If you have not read part 1 of the series, I strongly encourage you to read it first, as we will build on that understanding.

Understanding Latent Dirichlet Allocation (LDA) — A Data Scientist’s Guide (Part 1)

LDA explained with a dog pedigree model

towardsdatascience.com

Quick Recap from Part 1

Comparison between LDA and Dog Pedigree Model

Our dog pedigree model in Part 1 aims not to classify pedigrees of dogs but to model groups of pedigrees. For each group of pedigrees, we have picked a breed as the symbol/representative. Based on these representatives, we have defined the following alpha and beta.

Confidently confused — Model perplexity

Apparently, a Chihuahua Dachshund mix is called a Cheewenie Source: Wikipedia

In the pile of dog images is a Cheewenie similar to the above. Look for its features:

Erect ears
Beard & eyebrows
Small size

Before consulting our model, we imagine it to be more similar to Chihuahua and Dachshund than the others.

What would a Cheewenie be grouped under?

If we look at our beta table, the model is confident that a Cheewenie with a small size, erect ears, beard & eyebrows is similar to a Miniature Schnauzer & Chihuahua mix.
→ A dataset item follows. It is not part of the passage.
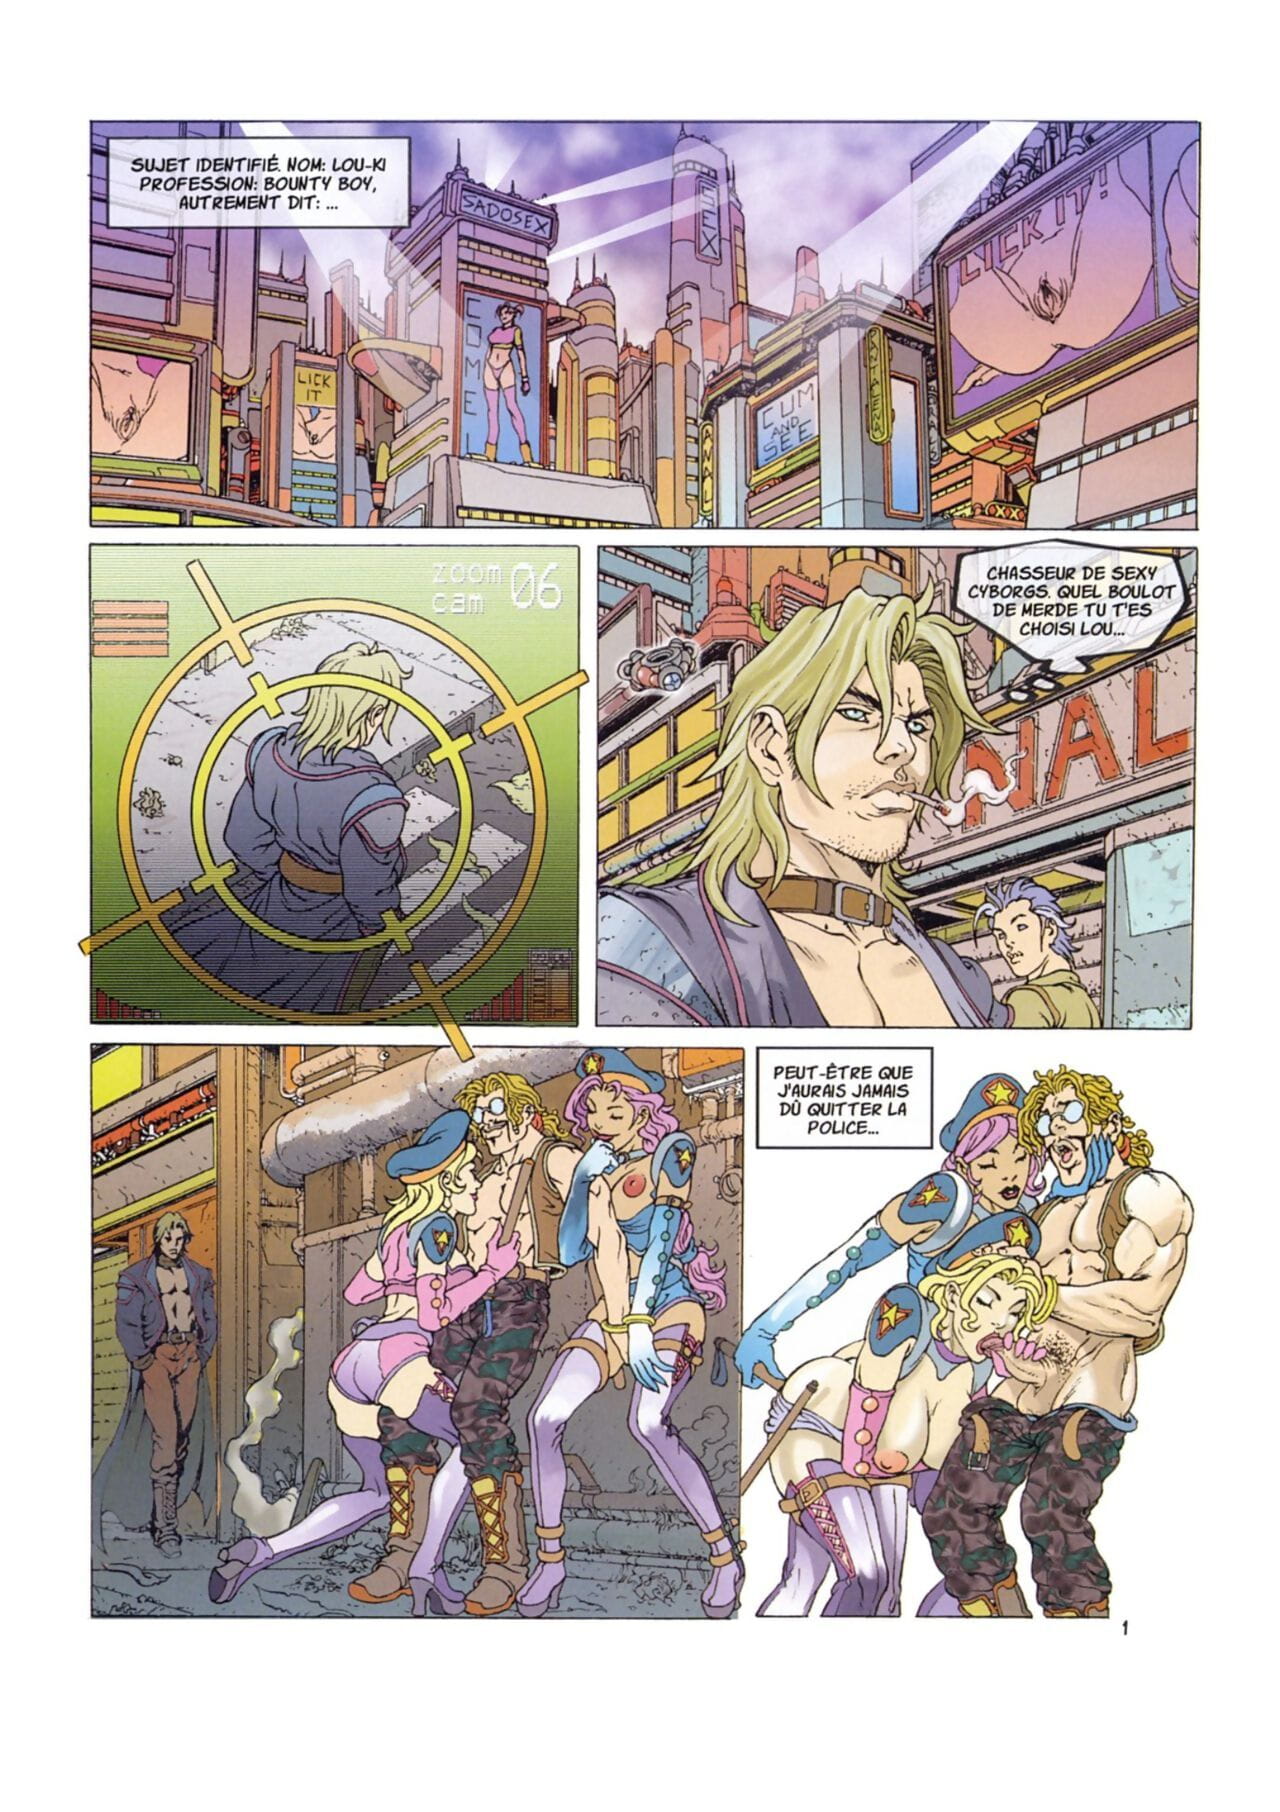 Sexy cyborg page 1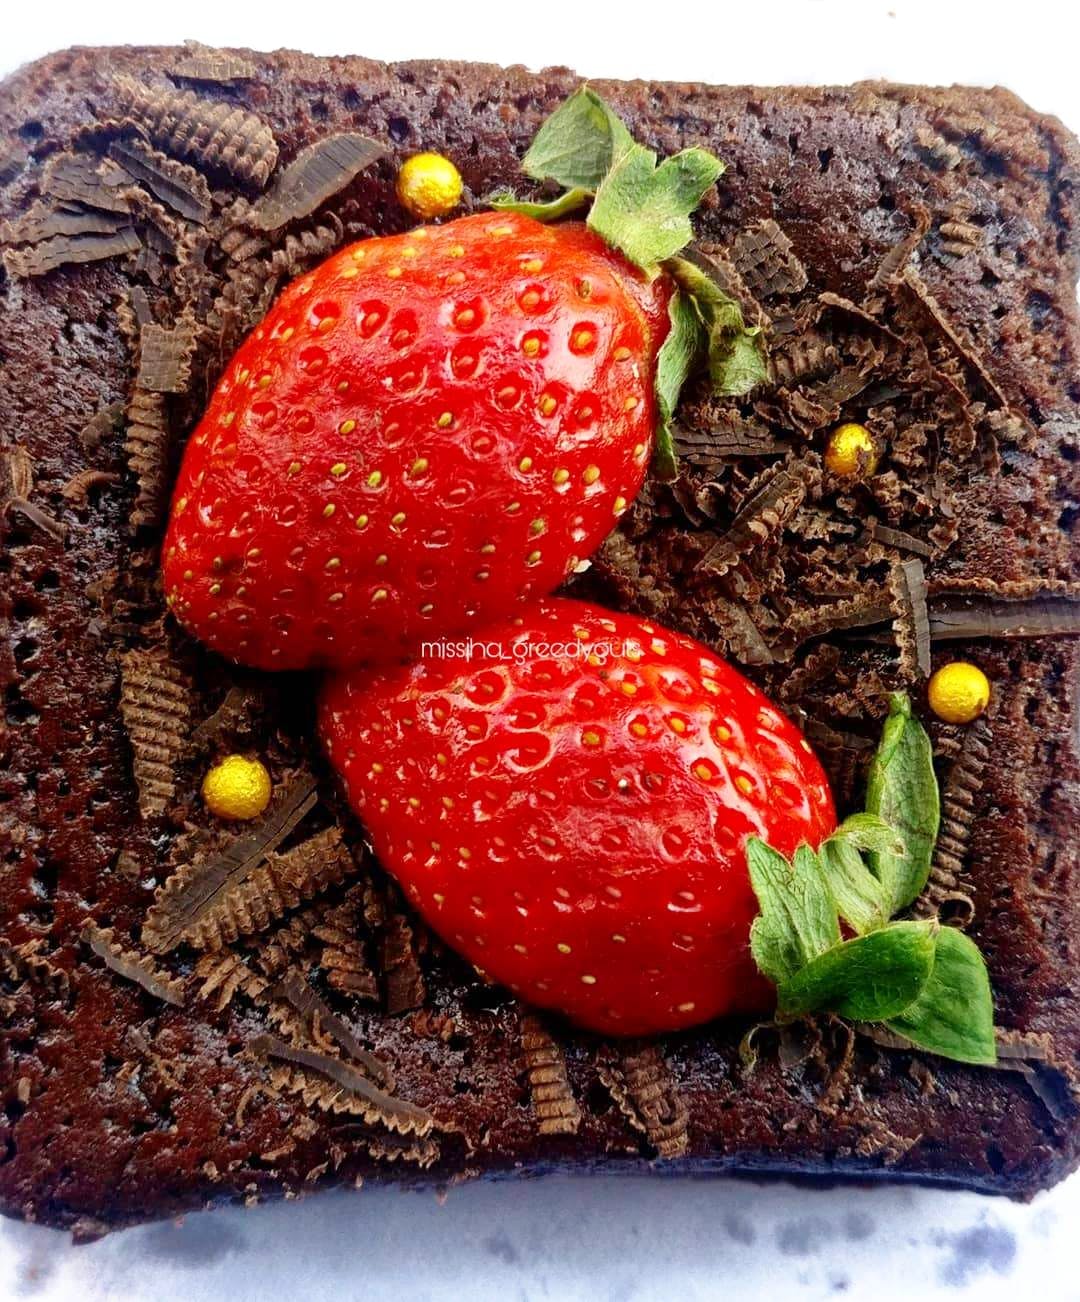 Food,Strawberry,Chocolate brownie,Strawberries,Chocolate cake,Chocolate,Cuisine,Dish,Cake,Dessert

Dachshund is only the distant fourth, only marginally ahead of Huskey!

Bottom line: if a dog is a mix of two breeds, our model should be able to group it as more similar to the parent breeds than other breeds!

Why can’t our model group a Cheewenie under Chihuahua and Dachshund?

The way we group breeds is not reflecting the reality — Miniature Schnauzer, Chihuahua and Miniature Dachshund might be too similar for us to consider them as separate breed groups if we are only dividing breed groups into 5!
Our definition of indicative physical traits for each breed group is inaccurate — Yes, Miniature Schnauzers might have erect ears, but is it as indicative as being small-sized?
We might have mistaken the popularity of each breed group — If we encounter even more Cheewenies, have we got it wrong that Miniature Schnauzer might actually have less than 10% breed popularity?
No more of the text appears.